So Mr. Greenberg – Hashem loves you more than He loves all of space. Mr. Katz, Mr. Rubin, Mr. Friedman, Mr. Shama and everybody else, you’re all that Hashem is interested in. “Each one of you,” Hashem says, “is to Me a beloved child!”
Keep Your Deeds Clean
Now, if that’s true, if His thoughts, His interest and His love, are directed at us, so you can understand why it’s so important to gain for yourself the blessings of the Am Yisrael. And therefore our parsha teaches that although we know that Hashem requires certain things of us, and that He blesses us when we obey, still it’s essential to gain the blessing of the Am Yisroel as well. The Am Yisroel is being compared here to Hashem! The first principle is Hashem, but the second principle is our great nation.
By the way, that’s why it’s so important to avoid mar’is ayin. Not only do we keep far away from misdeeds because we want to find favor in the Eyes of Hashem but even when we’re doing nothing wrong, we’re careful not to raise suspicion in the eyes of our fellow man. Let’s say you want to make a telephone call. Don’t go into a treife restaurant to use the telephone because it looks to the eyes of people as if you’re disloyal. Although it’s not true; you’re a loyal man – you even wipe off the receiver before you pick it up to talk into it, nevertheless, people see you going in and maybe they’ll think something.

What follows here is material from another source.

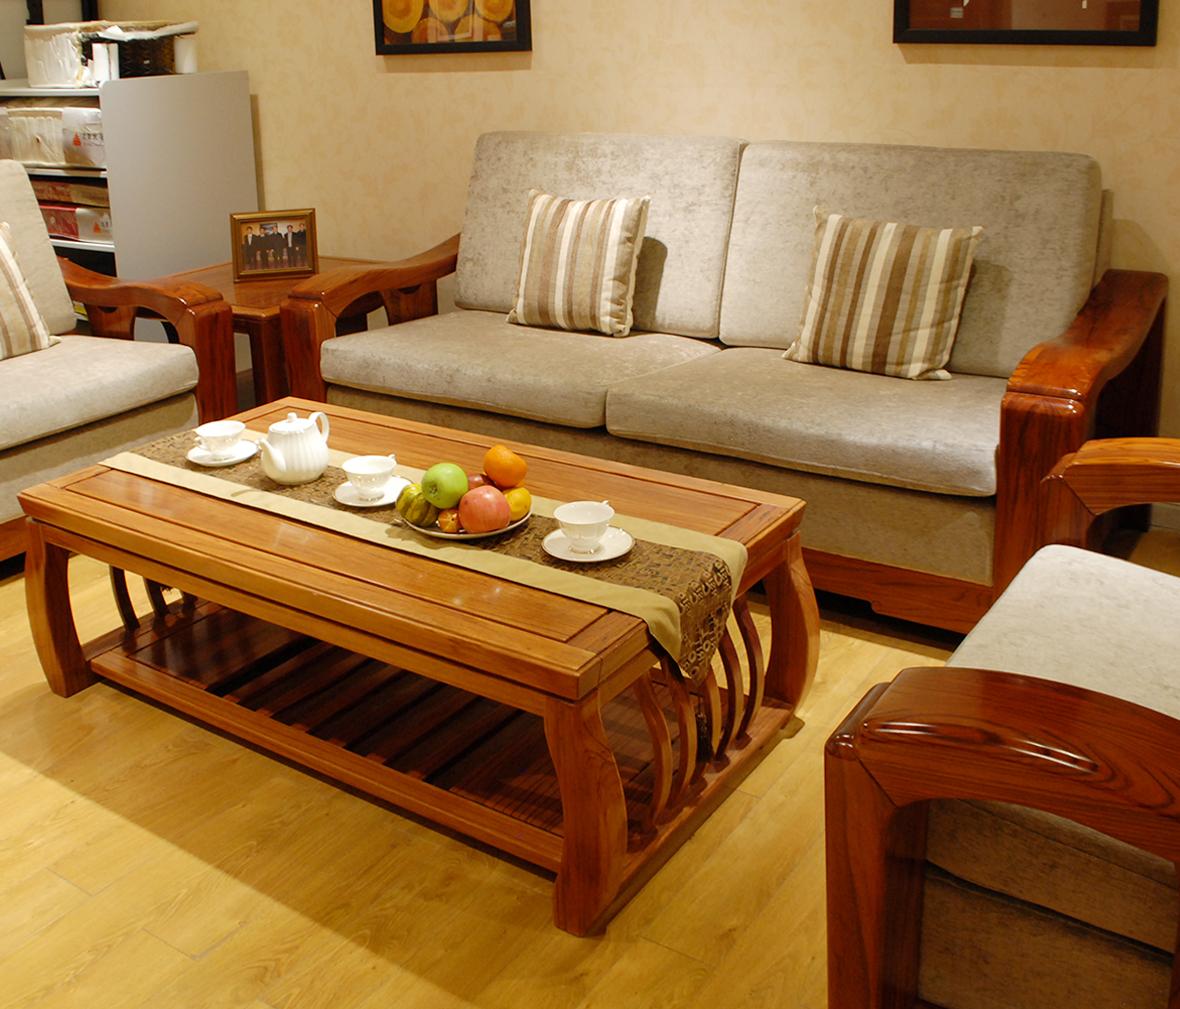 天坛家具 北欧系列 ac1701c.型号 三人沙发 非洲红翅木 现代简约图片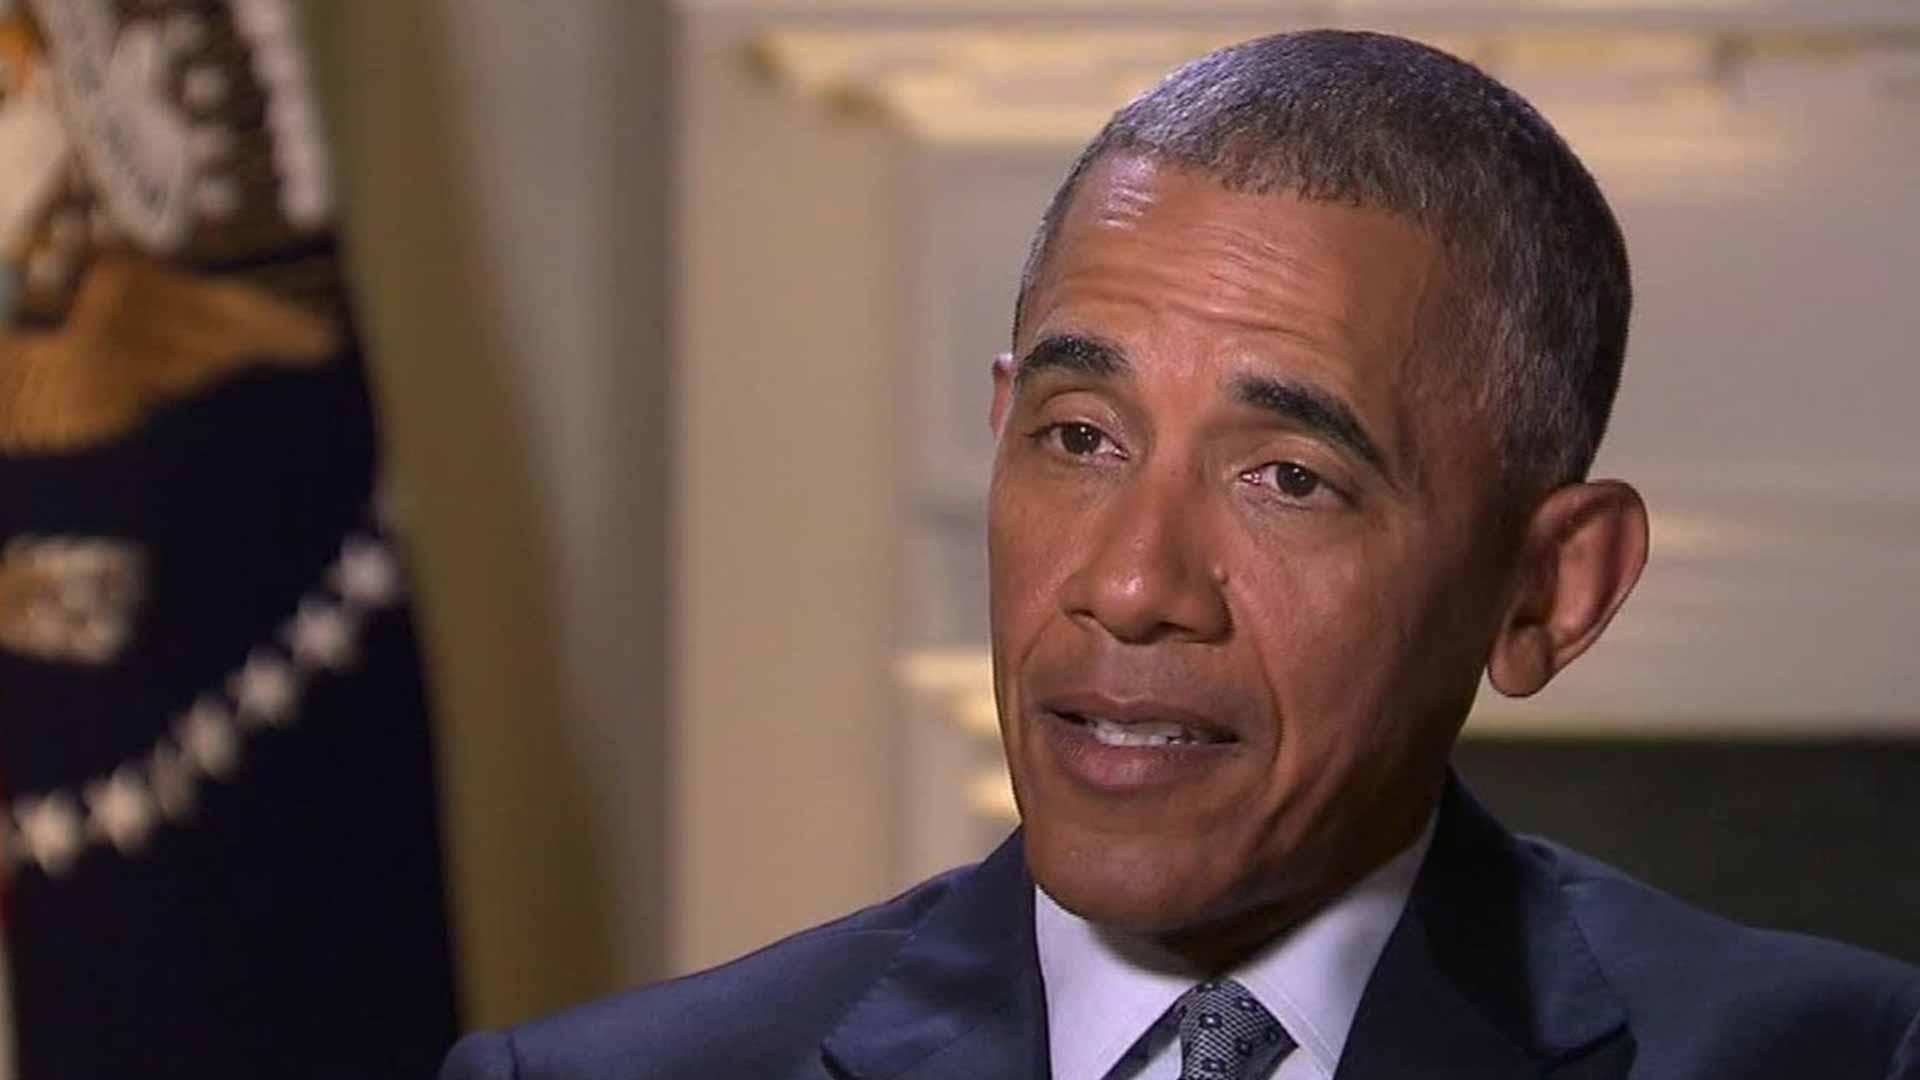 Video-Aufnahmen mit dem Smartphone filmen: Beispiel-Kamera-Führung Obama 1

So you’ll say, “What of it if that person misjudged me, if he suspects me? I know the truth; I’m innocent. And Hashem knows too. So who cares what my neighbor thinks?”
No. וִהְיִיתֶם נְקִיִּים מֵהַשֵּׁם וּמִיִּשְׂרָאֵל – you have to be innocent not only from Hashem but also in the eyes of Yisrael. The Am Yisroel should have a good opinion of you because your connection to the people chosen by Hashem means everything.
Together With Them
That’s why a person who forsakes his people, a poresh min hatzibur, who knows what’s going to happen to him.Evenif you’re a very big tzaddik, but if you decide, “I’m going away from my people, I’m going in the wilderness all by myself. I have no connection with anybody else, only I and Hashem alone,” so we say to him, ”Good bye. You’re a failure.”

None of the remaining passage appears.